Add each char from s into stack[] except i == "]". When we have "]", we first get the subStr by popping from the stack, then get the digits for how many times we need to repeat this subStr, and we append this repeated subStr into stack[] again, so when we have nested square brackets happen, we can repeat the subStr.
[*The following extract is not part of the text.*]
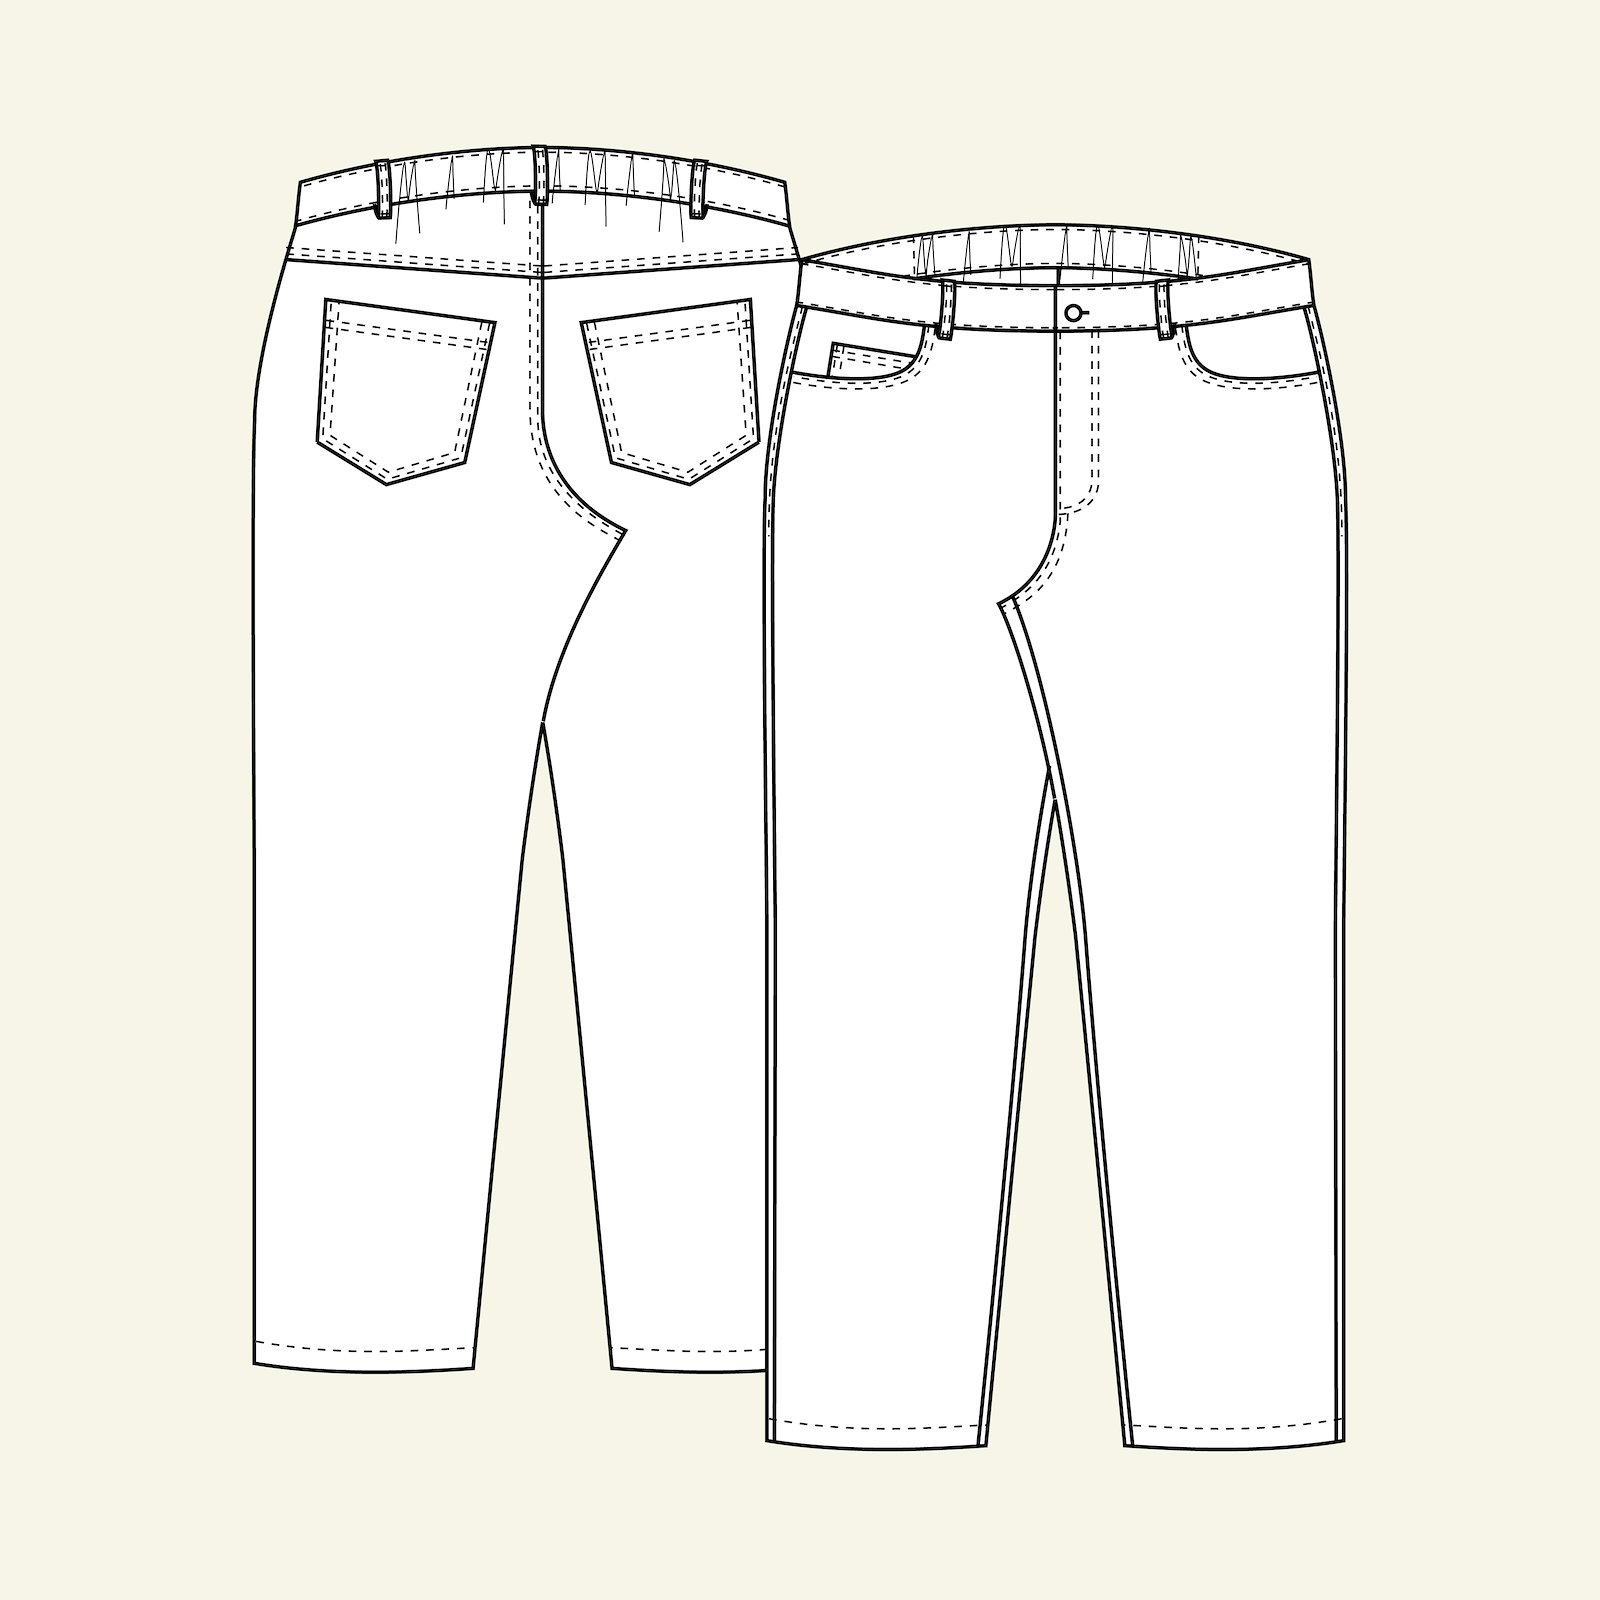 Klassisk jeans m/ strikk i linning b, 52 p70007000_p70007001_p70007002_p70007003_p70007004_pack_b

Finall, concatenate all subStrs from stack[] and return.

Python Solution:

May 28, 2026, [Time Taken 45m 29s]

class Solution:
    def decodeString(self, s: str) -> str:
        # Save num of time to repeat, and the string to repeat in stack
        # When i == ']', retrieve the string from stack until '['
        # Pop the '['
        # Retrieve the number
        # Append into res"" by int(digit) * char
        # TC: O(n), n=len(s), SC: O(n)
        res = ""
        stack = []
        for i in s:
            if i != "]":
                stack.append(i)
            else:
                # Retrieve the string
                string = ""
                while stack[-1] != "[":
                    string = stack.pop() + string
                stack.pop()     # to remove '['
                # Retrieve the number
                digit = ""
                while stack and stack[-1].isdigit():
                    digit = stack.pop() + digit
                # Update stack with the latest string
                stack.append(int(digit) * string)
        # Join all the string and return
        return "".join(stack)

Time Complexity: $O(n)$
Space Complexity: $O(n)$